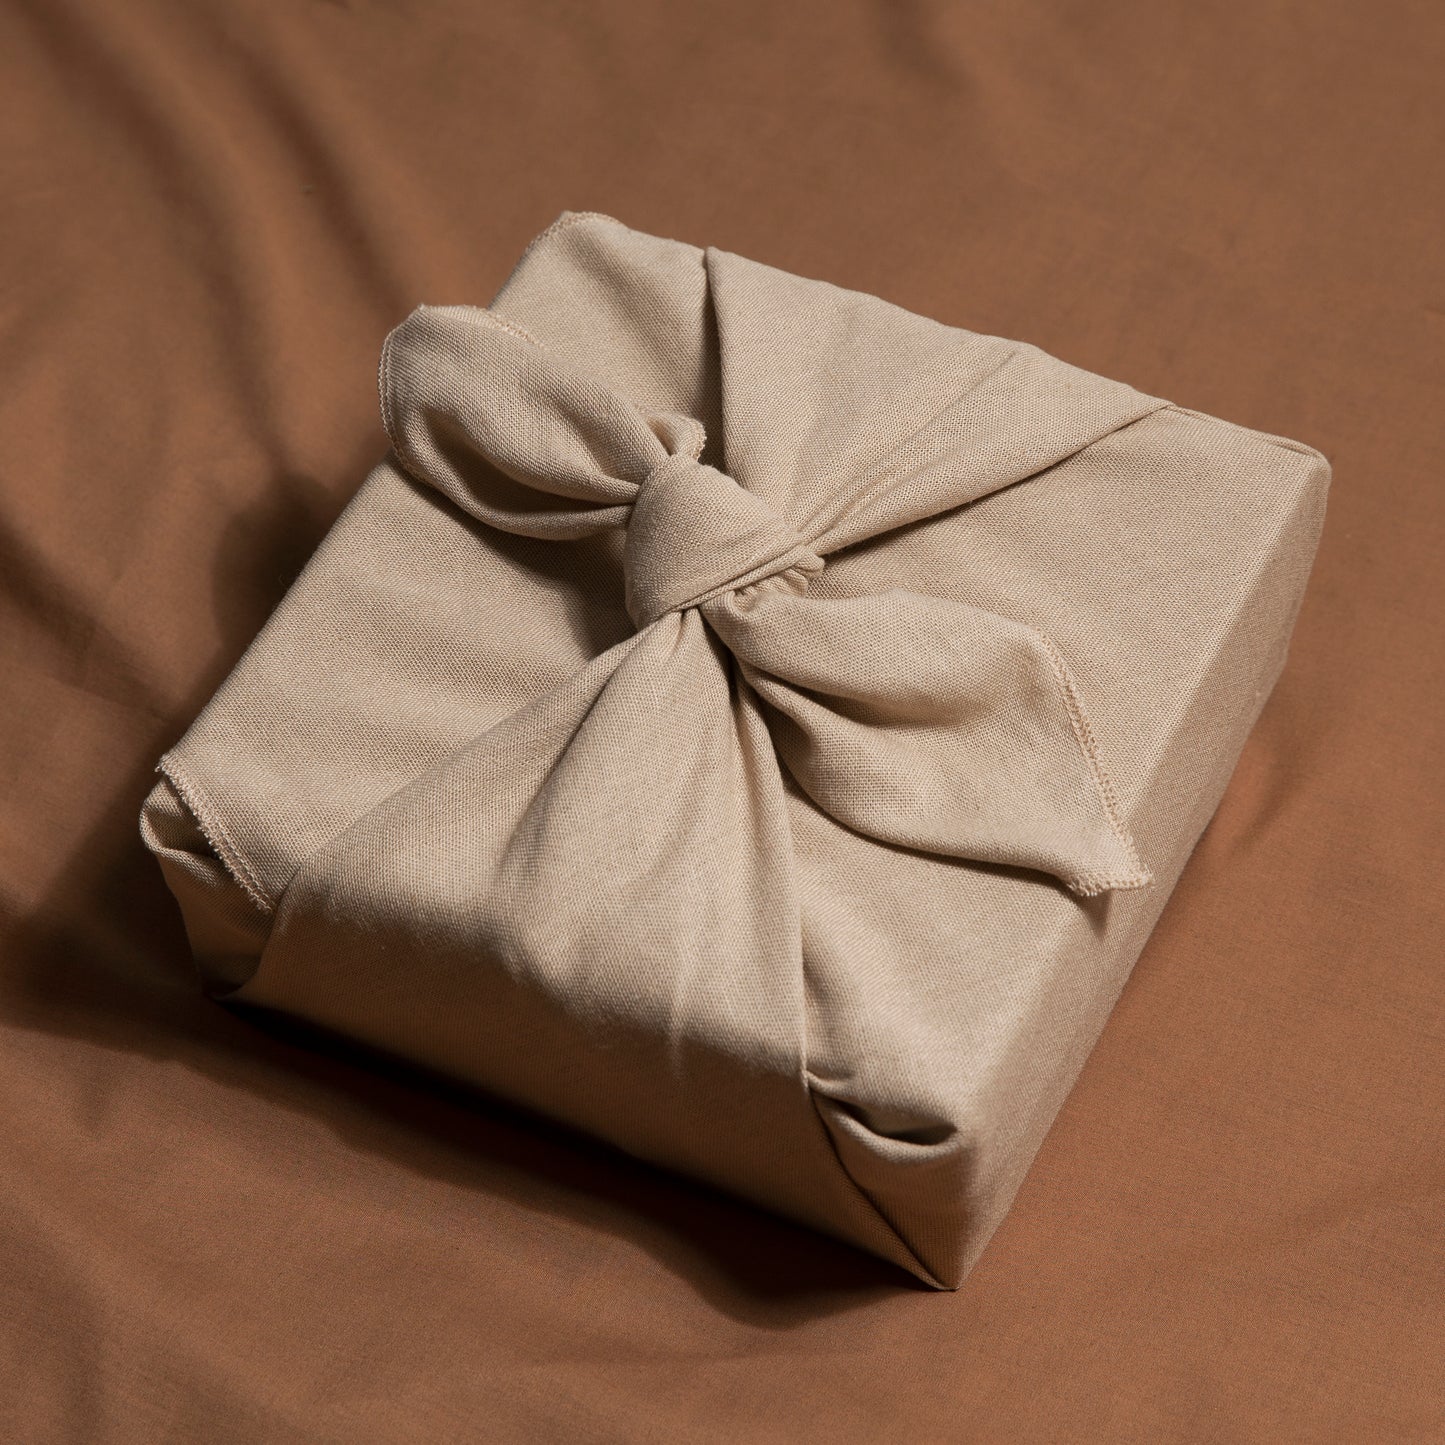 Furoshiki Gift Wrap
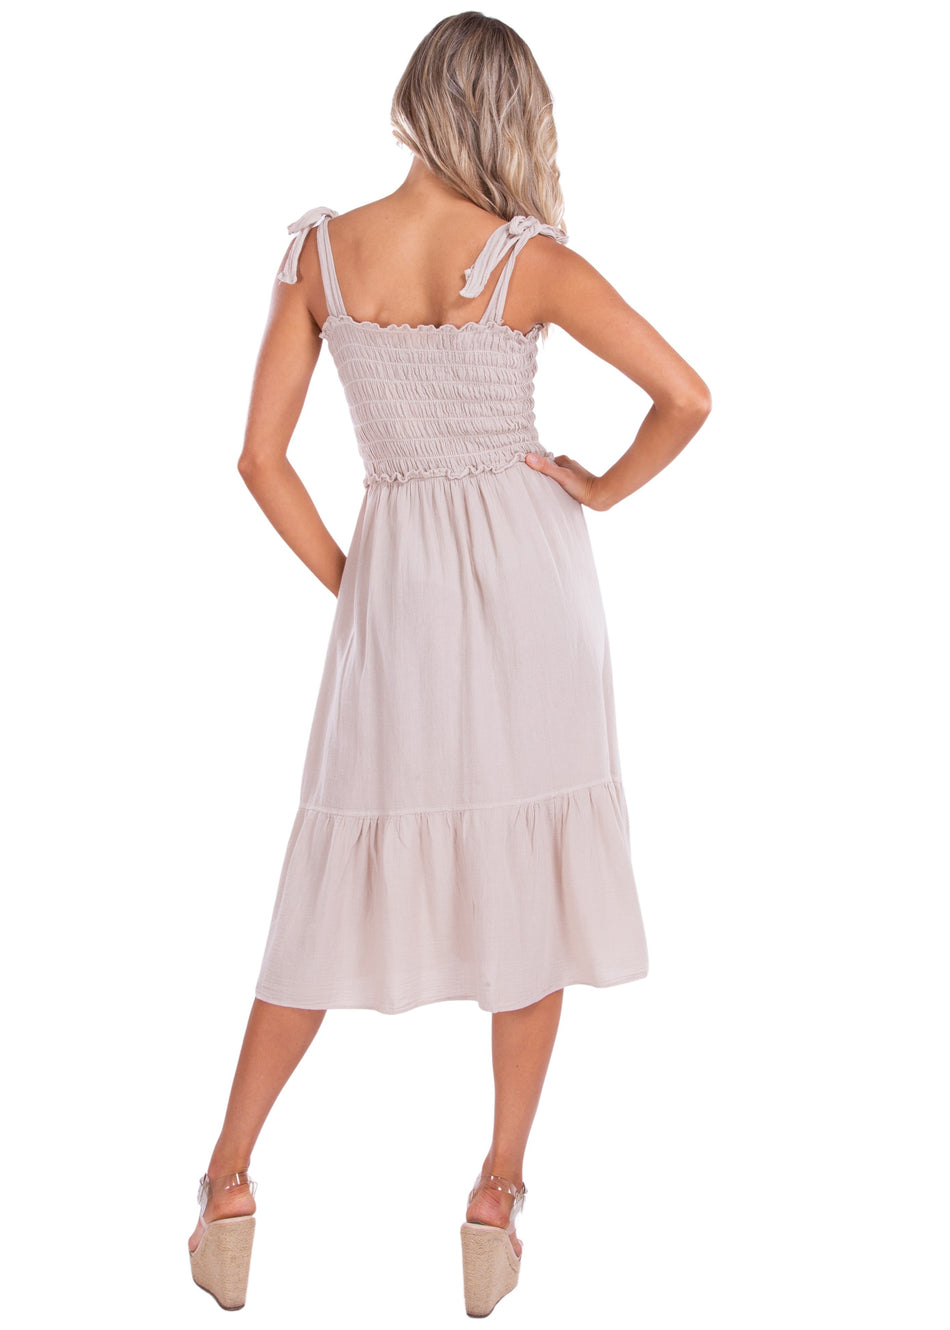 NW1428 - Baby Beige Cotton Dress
= = = = = = =
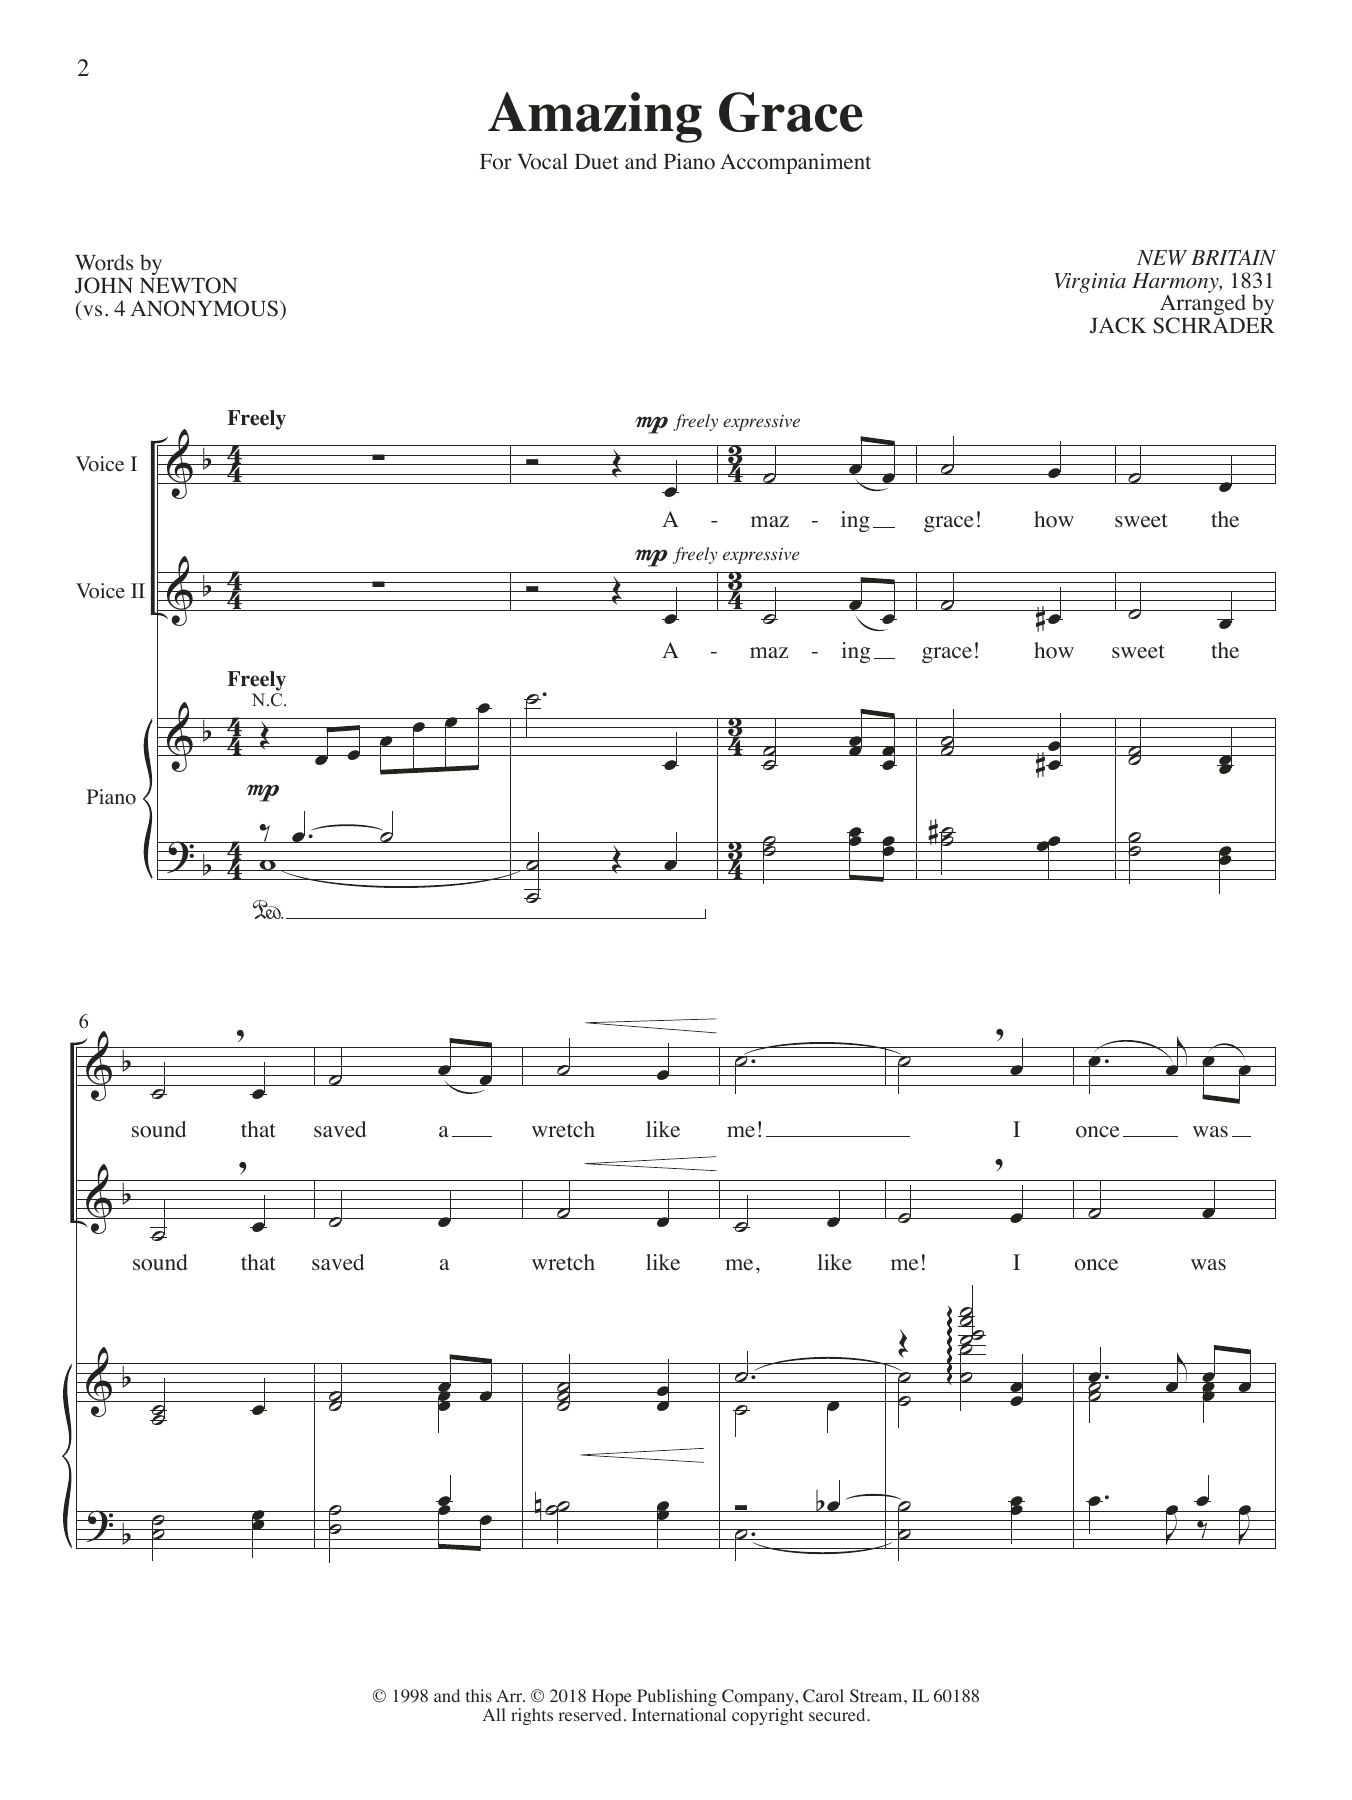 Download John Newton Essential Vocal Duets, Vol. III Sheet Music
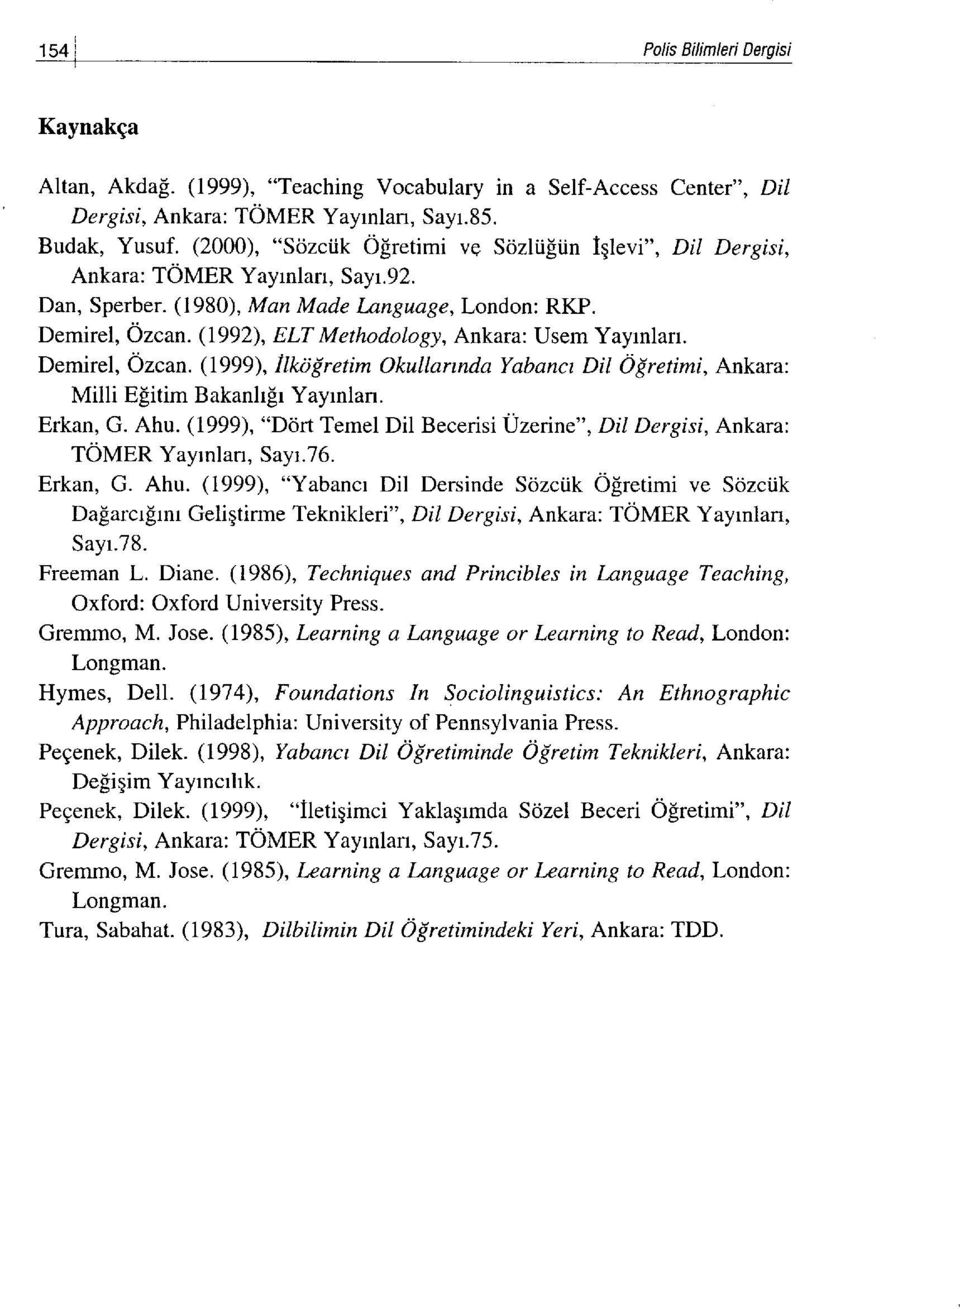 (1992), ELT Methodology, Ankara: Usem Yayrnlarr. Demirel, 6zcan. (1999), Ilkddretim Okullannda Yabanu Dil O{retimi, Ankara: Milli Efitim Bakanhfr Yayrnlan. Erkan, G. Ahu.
= = = = = = =
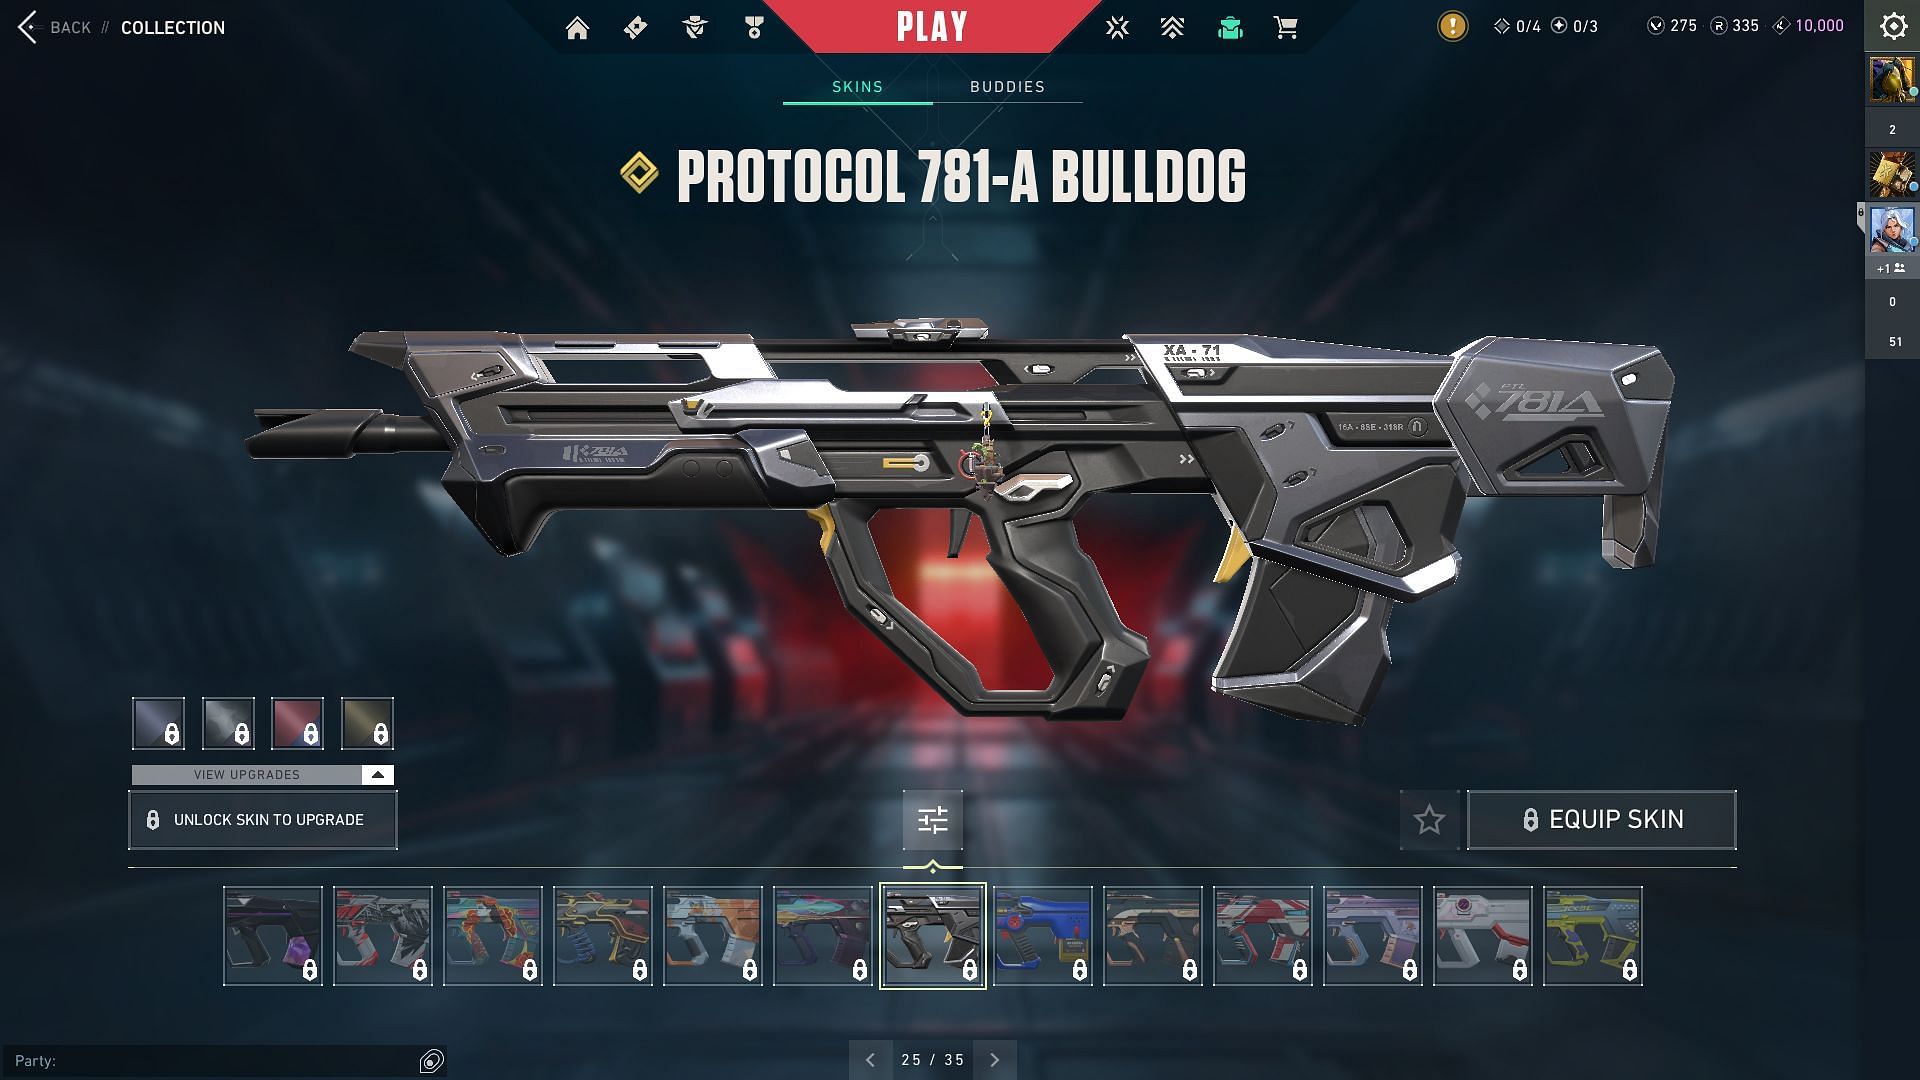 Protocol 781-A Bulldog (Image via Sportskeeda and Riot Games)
= = = = = = =
*Description of the task*. Return exactly the stretch above whose first line contains "Download John Newton" and whose last line contains "(1992), ELT Methodology, Ankara: Usem", and nothing outside it. The pictures should not appear.

*Result of the exercise*.
 Download John Newton Essential Vocal Duets, Vol. III Sheet Music
 (1992), ELT Methodology, Ankara: Usem Yayrnlarr. Demirel, 6zcan. (1999), Ilkddretim Okullannda Yabanu Dil O{retimi, Ankara: Milli Efitim Bakanhfr Yayrnlan. Erkan, G. Ahu.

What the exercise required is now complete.